Bien sûr, ce documentaire ne met pas en doute qu'un Saoudien aigri, de bonne famille et riche, qui s'appelle Oussama ben Laden a aidé à financer différents groupes de fanatiques islamiques partageant des intérêts communs et qui se sont engagés dans le terrorisme, y compris dans les attaques du 11 septembre. Il ne met pas non plus en doute la notion selon laquelle une version terrifiante de l'Islam fondamentaliste a conduit à une série de violence épouvantable à travers le monde. Mais ce film, à la fois plus sobre et plus profondément provocateur que "Fahrenheit 9/11" de Michael Moore, conteste directement ce qui est communément admis en apportant des arguments très convaincants selon lesquels l'administration Bush, menée par une cabale unie de néoconservateurs machiavéliques, a saisi la fausse image d'une menace terroriste internationale unifiée pour remplacer l'ancien empire soviétique [dans son rôle de croquemitaine] afin de faire passer en force un programme politique.

Le terrorisme est profondément menaçant, mais il apparaît être un phénomène bien plus fragmenté et complexe que ne le suggère l'image du réseau tentaculaire d'al-Qaeda, avec ben Laden à sa tête.

Alors que le documentaire de la BBC rend compte que la menace terroriste est à la fois réelle et grandissante, il conteste le fait que cette menace soit centralisée :

"Il y a des individus et des groupes dangereux et fanatiques dans le monde qui ont été inspirés par des idées islamiques extrémistes et qui utiliseront les techniques du terrorisme de masse — les attaques sur l'Amérique et sur Madrid sont suffisamment claires. Mais la vision cauchemardesque d'une unique organisation puissante et cachée attendant de porter ses attaques contre nos sociétés est une illusion. Partout où l'on peut chercher cette organisation al-Qaeda, des montagnes d'Afghanistan aux 'cellules dormantes' en Amérique, les Britanniques et les Américains poursuivent un ennemi fantôme."

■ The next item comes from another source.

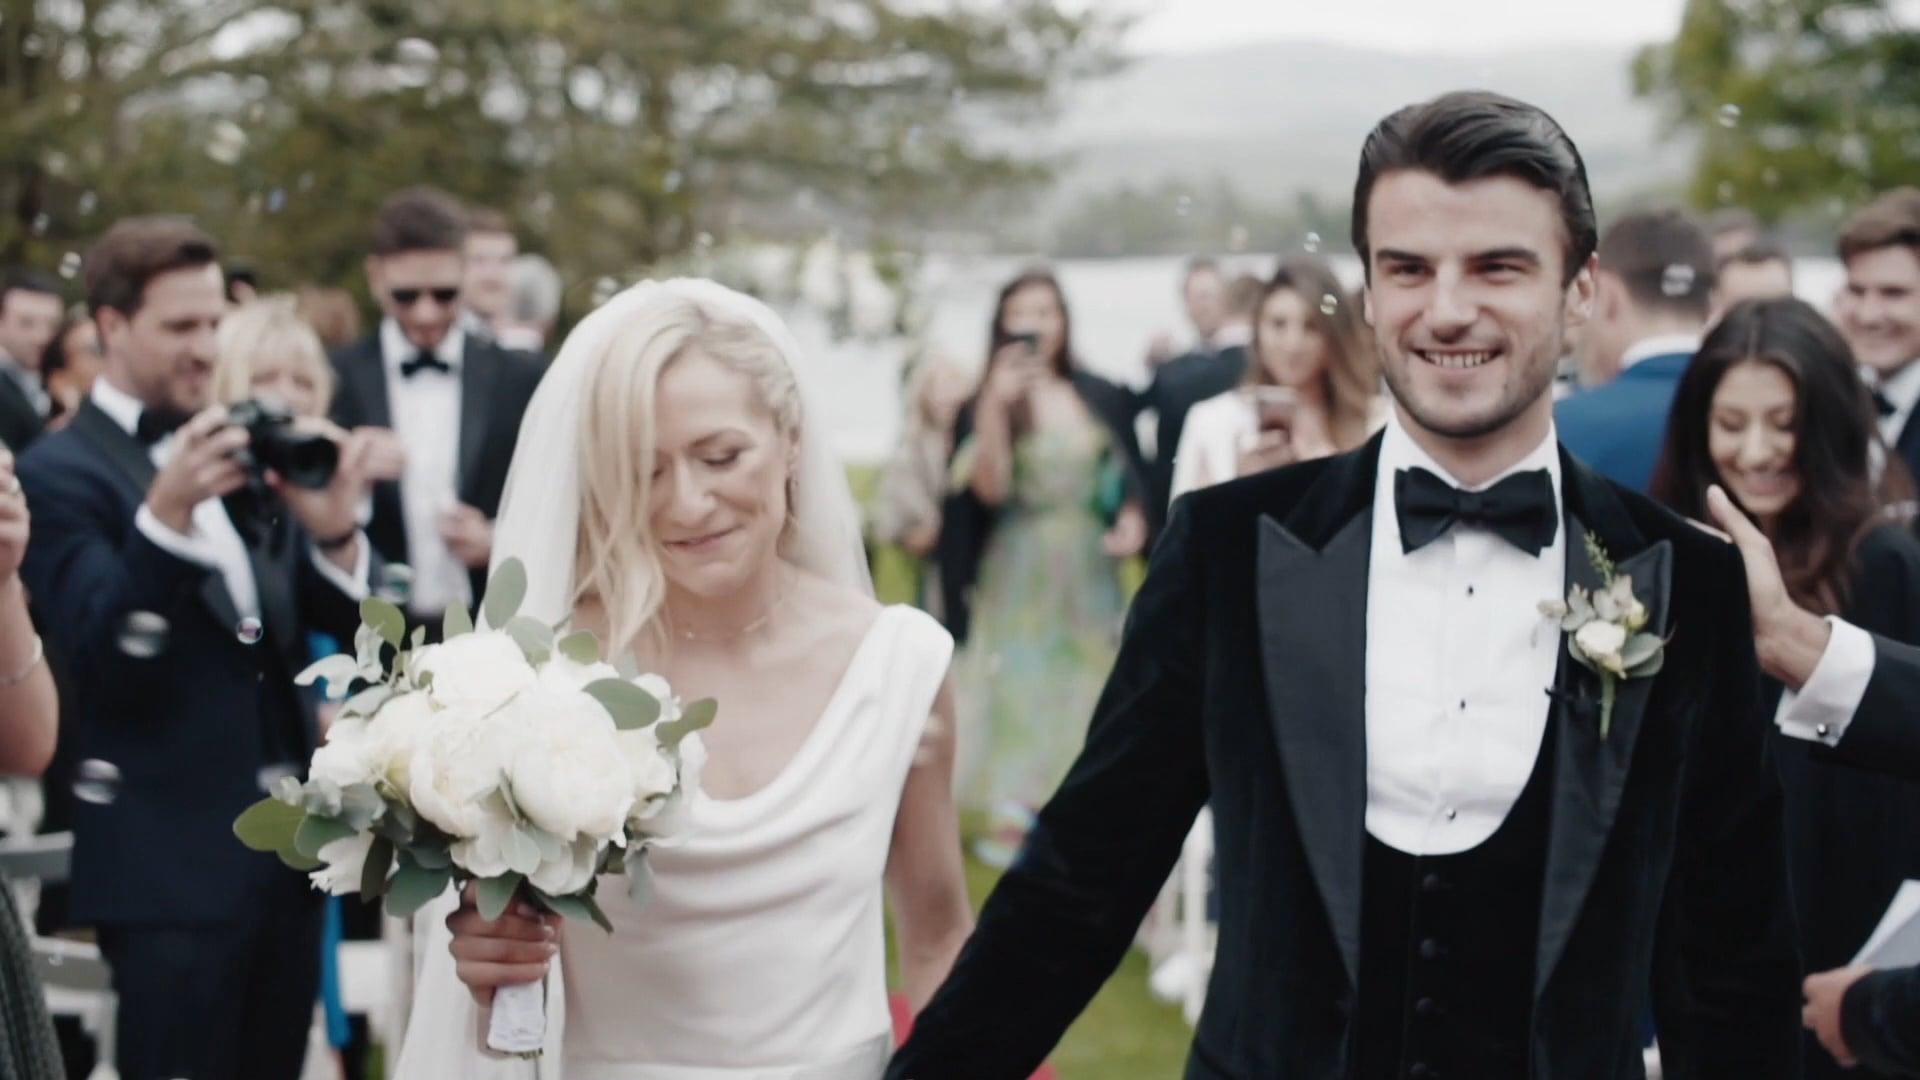 Emma & Joe // Destination wedding in Kenmare, Co Kerry, Ireland

La vérité, c'est que malgré les efforts de plusieurs commissions gouvernementales et une vaste armée d'enquêteurs nous n'avons toujours pas un récit crédible de cette "guerre contre le terrorisme" qui est menée dans l'ombre.

Considérez par exemple que ni la commission du 11/9, ni aucun tribunal n'ont été capables d'obtenir des preuves directes de la part des terroristes-clés détenus après le 11/9 par les Etats-Unis. Tout ce que nous savons provient de deux bords qui ont tous deux un grand intérêt à exagérer la menace posée par al-Qaeda : les terroristes eux-mêmes et les agences militaires et de renseignements qui ont un intérêt personnel à maintenir la façade d'un ennemi extraordinairement dangereux.

Un tel état d'ignorance nationale au sujet d'une guerre sans fin est, comme "The Power of Nightmares" le montre clairement, simplement inacceptable dans une démocratie qui fonctionne.